12-RING SHOOTER said:


> hmmm, maybe i will go with some.....? suggestions? it will be one solid color


What about a lime green, or bright RED!!!


----------



## isaacdahl (Feb 27, 2010)

Just about any color would look cool with white. How about red? Maybe flo green?

Nice bow by the way.


----------



## hoytarcherygal (Sep 13, 2010)

Red always looks good with white


----------



## Dwill (Aug 26, 2010)

Pink will look good and I think teal would look good


----------



## Ignition kid (Oct 7, 2008)

hunter14 said:


> What about a lime green, or bright RED!!!


ya, flo green alwyas looks good, or red especially with that bow, or of course bright orange or a flame color string. and with the same color serving.


----------



## 12-RING SHOOTER (Jul 27, 2010)

ok, i think i might go with a blood red


----------



## N7709K (Dec 17, 2008)

where ya getting strings from? pink would look sweet on that thing


----------



## 12-RING SHOOTER (Jul 27, 2010)

i will be getting Vaportrails. and itll be prolly spring before i get new strings but i like to think about it


----------



## N7709K (Dec 17, 2008)

12-RING SHOOTER said:


> i will be getting Vaportrails. and itll be prolly spring before i get new strings but i like to think about it


vaportrails are sweet.. they are what i have on a couple of my bows and will be putting on my other ones shortly...
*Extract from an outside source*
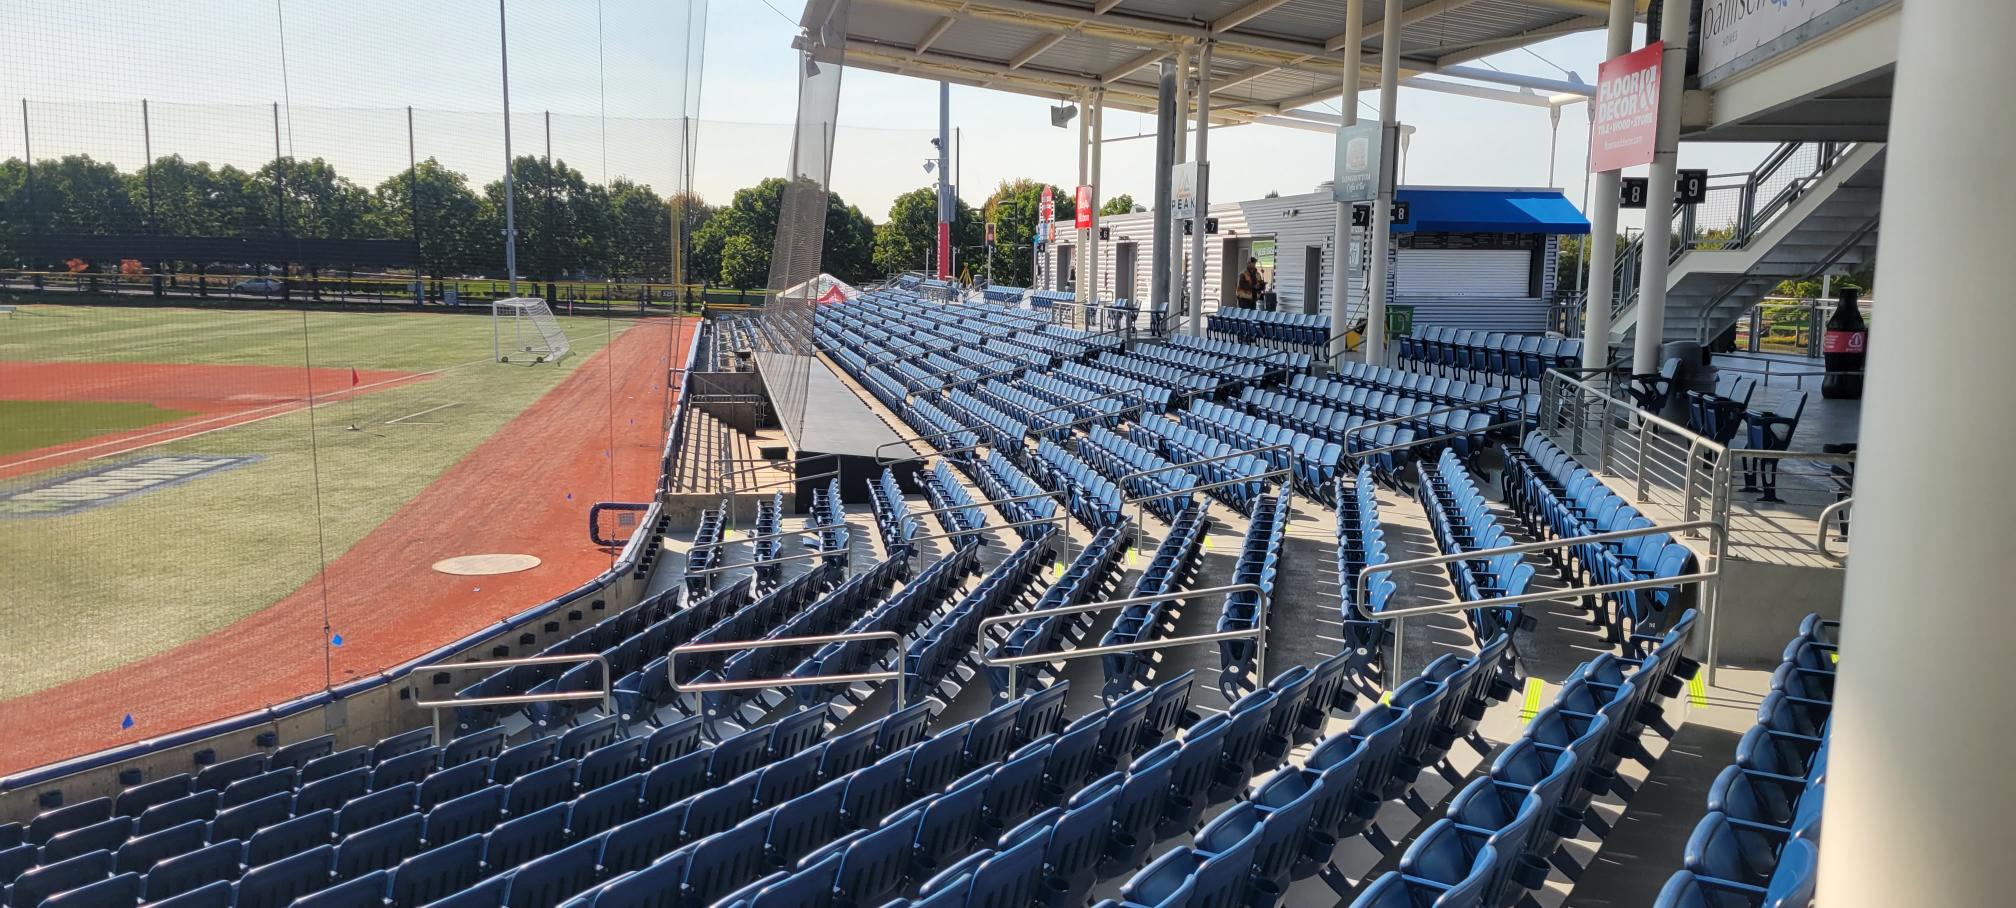 Rows of stadium seating and a ball field at the Hillsboro Hops Stadium

they will set ya up with what ya want!


----------



## 12-RING SHOOTER (Jul 27, 2010)

yepp. just the color issue now. i think i might go with just the natural color.


----------



## skulzhead (Aug 4, 2010)

dont get a white string gets dirty way to easy, get like a red or type of green would look nice on that bow


----------



## skulzhead (Aug 4, 2010)

think about a JBK very nice strings a made out of brownell he can even help with colors (Omen is his name you can find him under manufacturing-specialty items......................... just go with what ever company you want


----------



## Ignition kid (Oct 7, 2008)

12-RING SHOOTER said:


> ok, i think i might go with a blood red


that will loo really good, but wear the set out that are on it first so you can get your money's worth out of it. I wore my factory strings out so bad that I had to buy a new set last week since half of my strands completely broke and busted loose on my bow, but part of it was that a few strands frayed a little while out in Colorado, but tomorrow it will be on it's way back from Terminal Velocity Archery shop in Chilicothe Ohio. He makes his own strings and the only way he will guarante his string for 2 years is if he puts them on it himself, paper tunes it, and shoots it to make sure no serving is slipping or whatever else may be wrong before he sends it so he's not having to repair the strings or send new ones. I went with Flo Green and brown and about a day later I wanted to change the colors to Flo green and flame but when I called and mentuioned it he had allready made the string but it'll still look good.


----------



## 12-RING SHOOTER (Jul 27, 2010)

im gunna go with a solid color, and its going to be bright one, only because when you wax a black string and the wax dries, it looks like crap and it makes it look white


----------



## Ignition kid (Oct 7, 2008)

12-RING SHOOTER said:


> im gunna go with a solid color, and its going to be bright one, only because when you wax a black string and the wax dries, it looks like crap and it makes it look white


ya and if you had white in the string when uit gets dirty it doesn't look good and it's a pain to clean out if you don't clean it immediately.
What weight of arrow are you shooting out of that bow, I allready know how fast it's shooting but how heavy are your arrows?


----------



## SET THE HOOK (Dec 30, 2004)

Ignition kid said:


> ya and if you had white in the string when uit gets dirty it doesn't look good and it's a pain to clean out if you don't clean it immediately.
> What weight of arrow are you shooting out of that bow, I allready know how fast it's shooting but how heavy are your arrows?


300 Gr


----------



## Ignition kid (Oct 7, 2008)

SET THE HOOK said:


> 300 Gr


oh, okay than that's pretty good to be getting 255 with a 55# draw weight, I think I'm getting around 260 with my bow at 62# shooting a 365 grain arrow with a 25" draw.
But at the end of the year I'll be close to 70# with my Z7 and I need 2 change my draw length to a 26.5" but I can shoot it fine for now so I don't have to buy brand new arrows and I will be going to an Axis FMJ 400's and with a 100 grain tip they'll be 400 grains and at 70# I should be shooting 270-275 fps hopefully, which speed doesn't mean much to me but I want some especially if I'm chunking a 400 grain arrow at my target for hunting. 
But anyways that's pretty good speed for ya, especially for a competiton rig.


----------



## Richard Hopkins (Feb 20, 2010)

hunter14 said:


> What about a lime green, or bright RED!!!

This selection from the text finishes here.